Your task is to retype, exactly, the line containing "The book covers" and every later line through the end of the listing, with pictures omitted.

==== Data extract

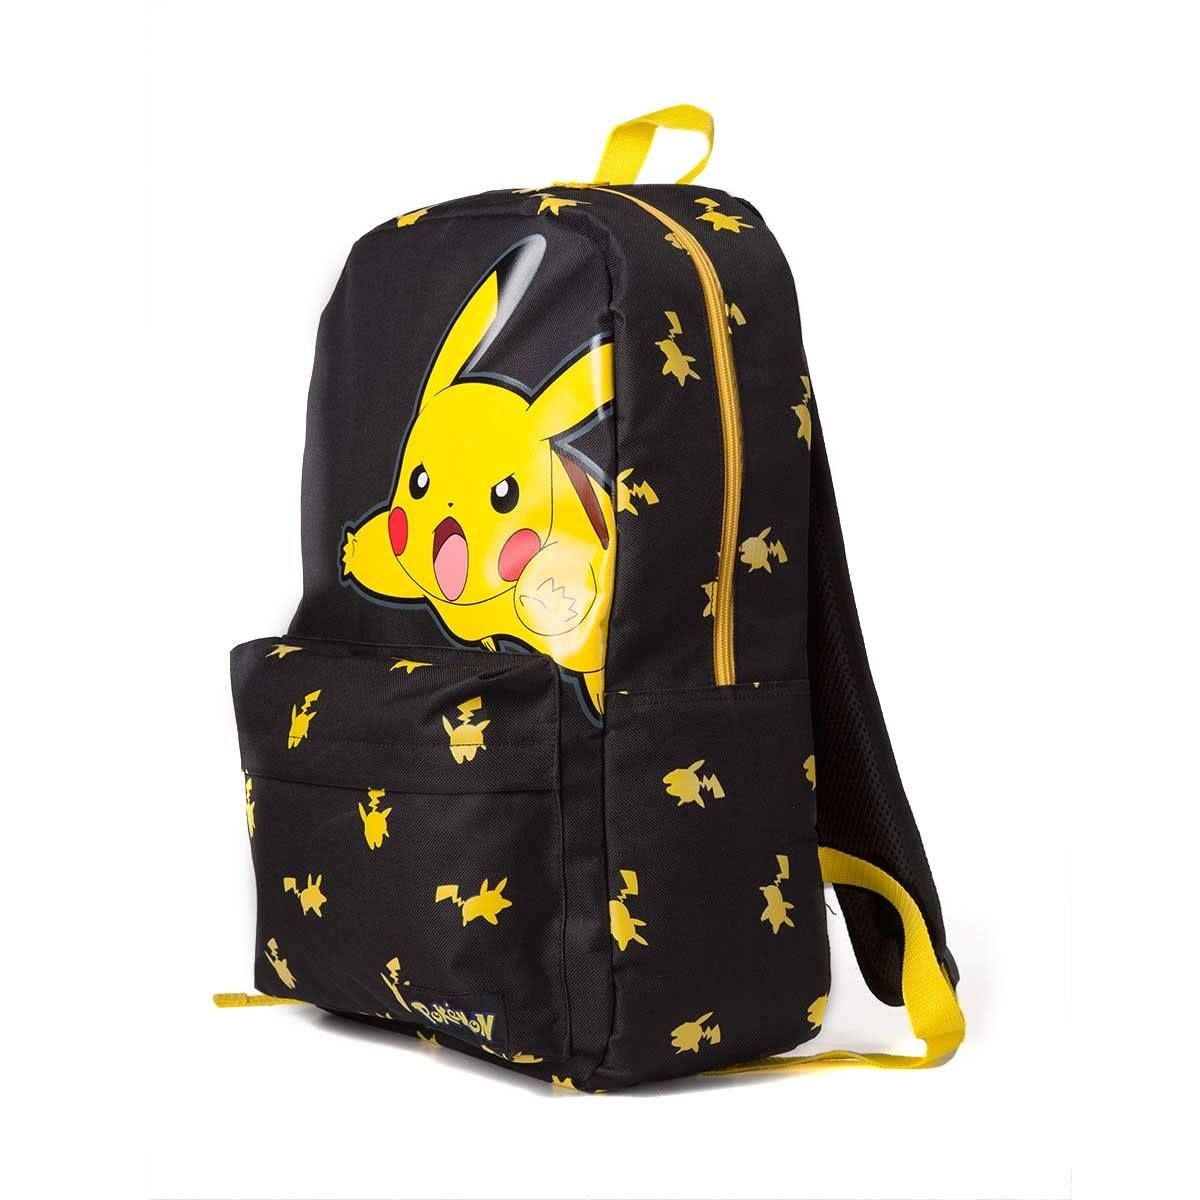 Sac à dos noir Pikachu - Pokemon pas cher 
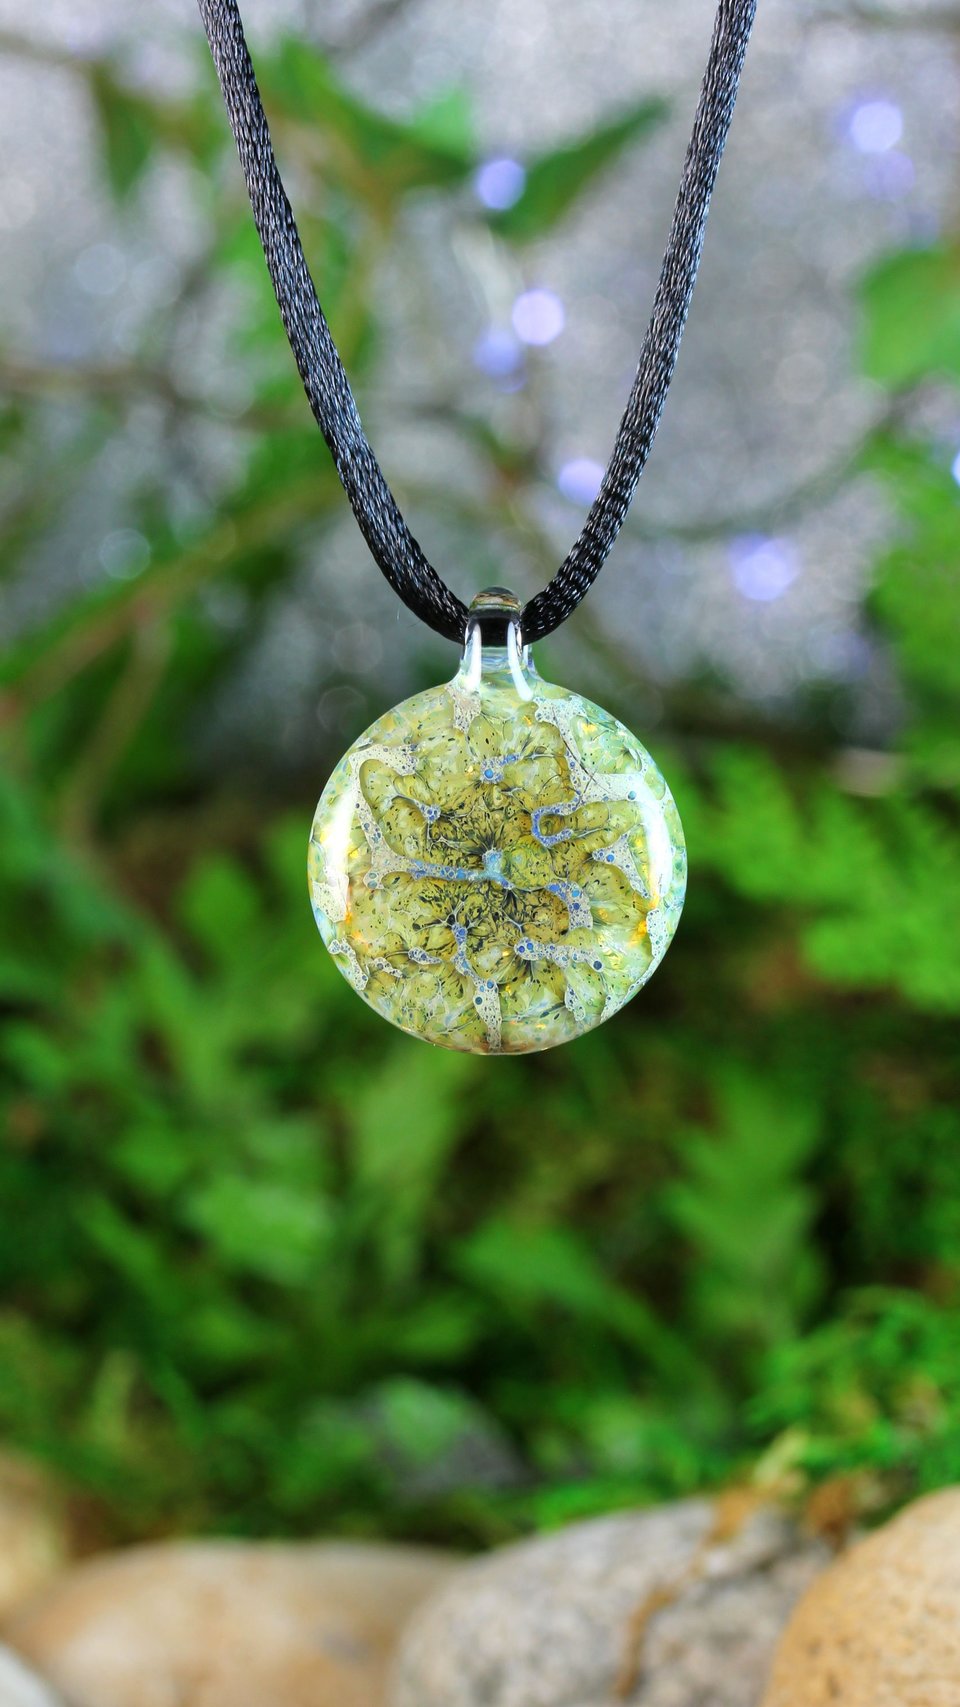 Flower Implosion Lampwork Pendant Necklace // Brosilicate/Boro Glass // Dark Blue, Gray, Yellow Speckled Glitter // Z1132
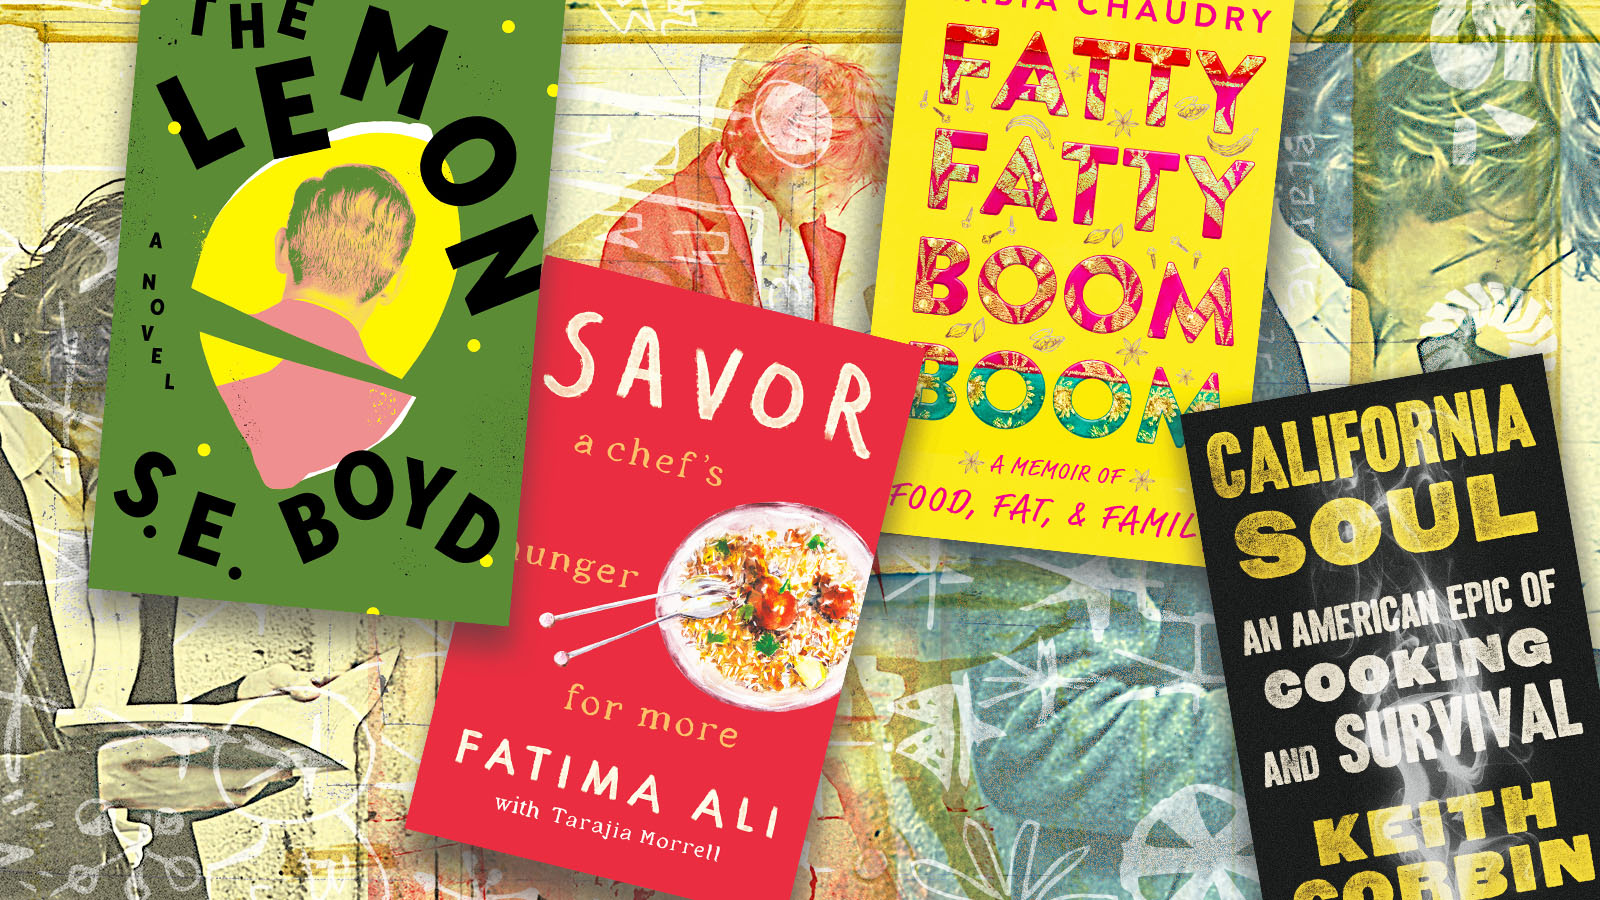 The book covers for The Lemon, Savor, Fatty Fatty Boom Boom, and California Soul
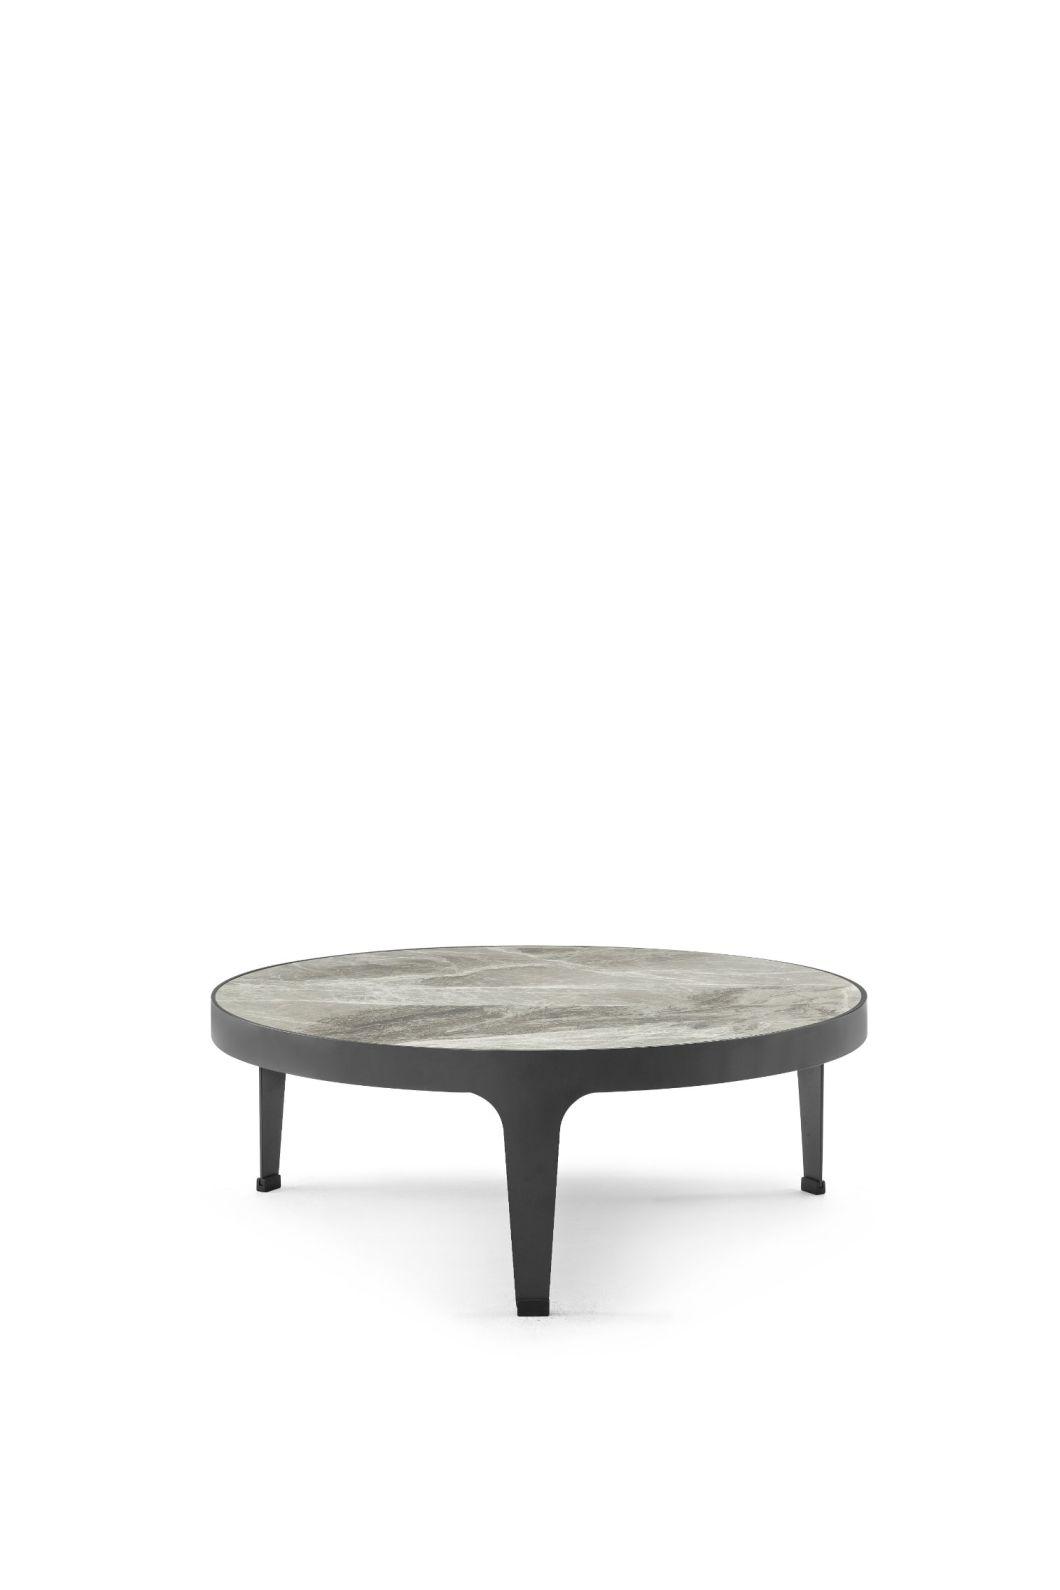 M-Cj003c Coffee Table, Italian Design Furniture in Home and Hotel

========

**Completed exercise:**
 The book covers for The Lemon, Savor, Fatty Fatty Boom Boom, and California Soul
 M-Cj003c Coffee Table, Italian Design Furniture in Home and Hotel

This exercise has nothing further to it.